The extracellular acidification rate (ECAR, Figure 6A), an indicator of anaerobic glycolysis, was also calculated from OCR experiments (Figure 5). Increased basal ECAR (Figure 6B) and maximal glycolysis (Figure 6C) were found in PS2–/– neurons, compared to WT, while the glycolytic reserve (defined as the difference between ECAR induced by oligomycin addition and basal ECAR; Figure S5A) presented no differences between the two genotypes. According to these data, a lower OCR/ECAR ratio was calculated for neurons lacking PS2 (Figure S5B).
These results are substantially different from those obtained previously in cortical neurons from B6.152H mice, in which, compared to WT cells, a decreased basal and maximal ECAR as well as a reduced glycolytic reserve have been observed [16].
Using ECAR and OCR data, an indirect estimation of the rate of ATP production within the cell can be performed [23,24]. According to this calculation, PS2–/– neurons displayed no significant difference in total ATP production compared to WT cells (Figure 6D). However, in PS2–/– neurons, glycolytic ATP was increased (Figure 6E), while oxygen-linked ATP production appeared partially decreased (Figure 6F), suggesting a modest metabolic switch towards glycolysis in these cells (Figure 6G).
3.2.4. Key Proteins in the Regulation of Glycolysis, Krebs Cycle and Oxidative Phosphorylation
To obtain some mechanistic insights into the mitochondrial phenotype found in PS2–/– neurons, the protein levels of multiple enzymes and transporters linked to mitochondrial metabolism and bioenergetics were also investigated. In particular, we measured the protein levels of: (i) hexokinase-1 (HK1), the first enzyme of glycolysis, a key protein that, by dynamically associating with the mitochondrial protein VDAC, coordinates cytosol-mitochondria metabolic cross-talk (Figure S6A); (ii) glucose transporter 3 (GLUT3), a protein specifically devoted to the transport of glucose across the PM in neurons (Figure S6B); (iii) mitochondrial pyruvate carrier (MPC), MPC1 (Figure S6C) and MPC2 subunits (Figure S6D), a protein that transports pyruvate into the mitochondrial matrix; (iv) lactate dehydrogenase (LDH), a key enzyme linking glycolysis and mitochondrial respiration (Figure S6E).
PS2–/– cortical neurons do not display differences in the total expression levels of these proteins, compared to WT, similarly to what has been reported in cortical neurons from B6.152H mice [16], whereas MPC2 has been found to be reduced in FAD-PS2-expressing cells [17].
4. Discussion
The recently proposed loss-of-function phenotype associated with FAD-PS1 raises a question about the possibility of extending this pathogenic hypothesis to FAD-PS2-linked cases, given the overlapping phenotype among AD patients carrying PSEN1 or PSEN2 mutations [5].

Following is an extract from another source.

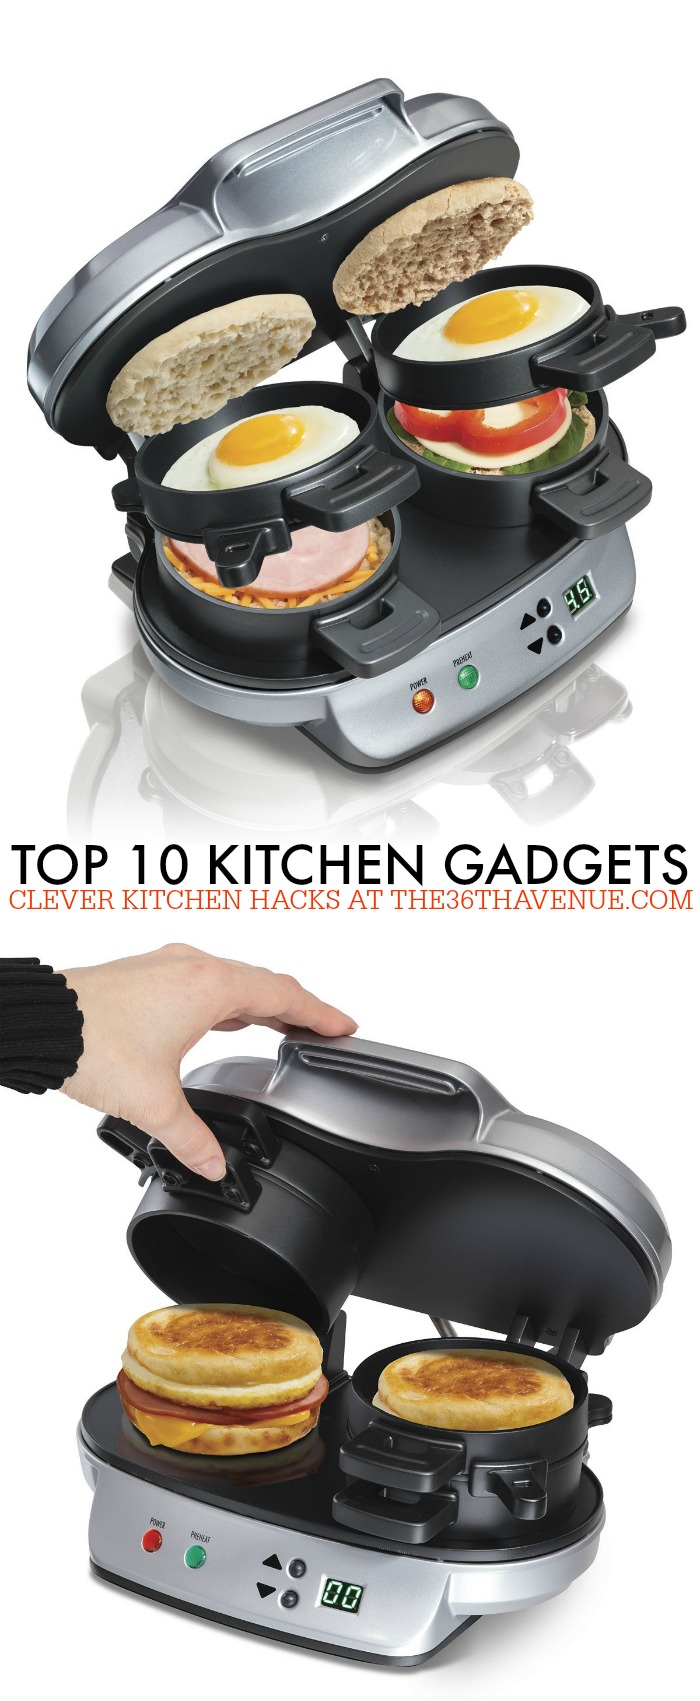 Kitchen Gadgets VS Hacks
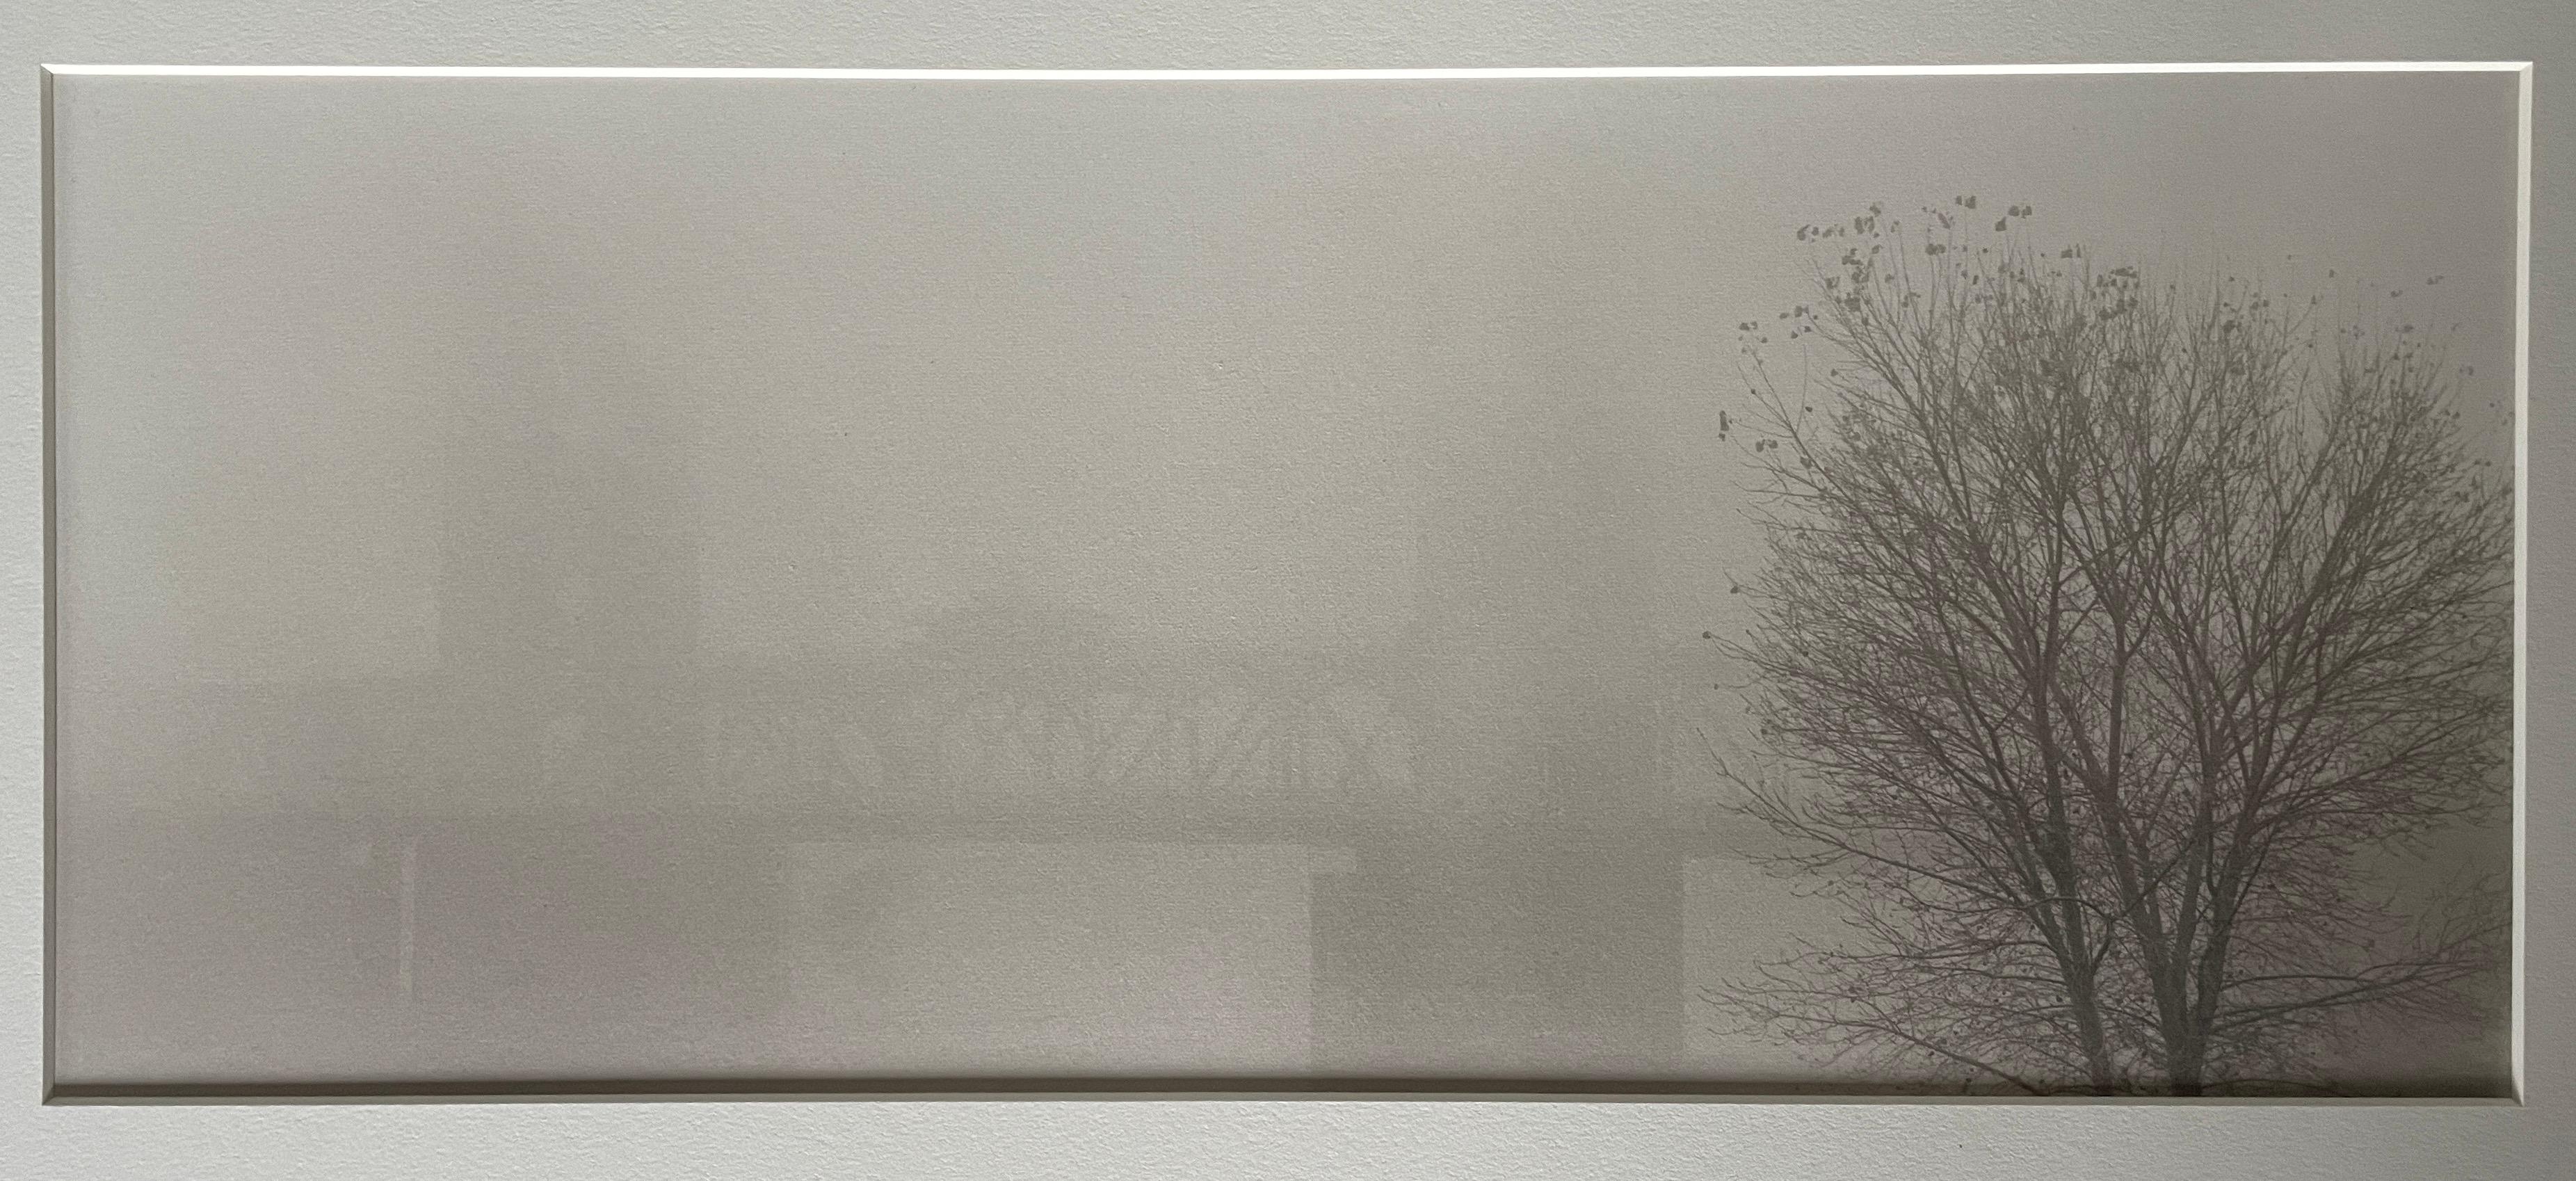 Kerik Kouklis Black and White Photograph – Tower Bridge In Fog, Sacramento, Kalifornien

FAD-PS2 mutations have been associated with Ca2+ and metabolic dysfunctions (reviewed in [30,48,49,50]). In particular, PS2 has been implicated in the modulation of: (1) SERCA pump activity and thus ER Ca2+ accumulation [10]; (2) ER to mitochondria Ca2+ shuttling and physical organelle apposition [11,12,13,40]; (3) mitochondrial bioenergetics [16,17,51,52]. Moreover, evidence has been accumulated suggesting that mitochondrial dysfunctions are early events in AD pathogenesis, suggesting a “mitochondrial cascade hypothesis” (reviewed in [53,54,55,56]). Most of these data have been obtained in cells or tg animals overexpressing FAD-PS2, since knockin animals are not available yet. However, it is worth mentioning that we have previously demonstrated that fibroblasts from FAD patients, in which the mutated PS2 is not overexpressed resembling the pathological situation, also share the same phenotype [7,8,10,13,15,40]. Nevertheless, our finding that the effects of FAD-PS2 mutants on multiple Ca2+ pathways is mimicked by high expression levels of wt PS2 [7,8,11,15] might have implications for the pathogenesis of SAD, the more frequently form of the disease, where the reported decreased expression level of Repressor Element 1-Silencing Transcription factor (REST [57]) causes an increase in the endogenous PS2 expression [58].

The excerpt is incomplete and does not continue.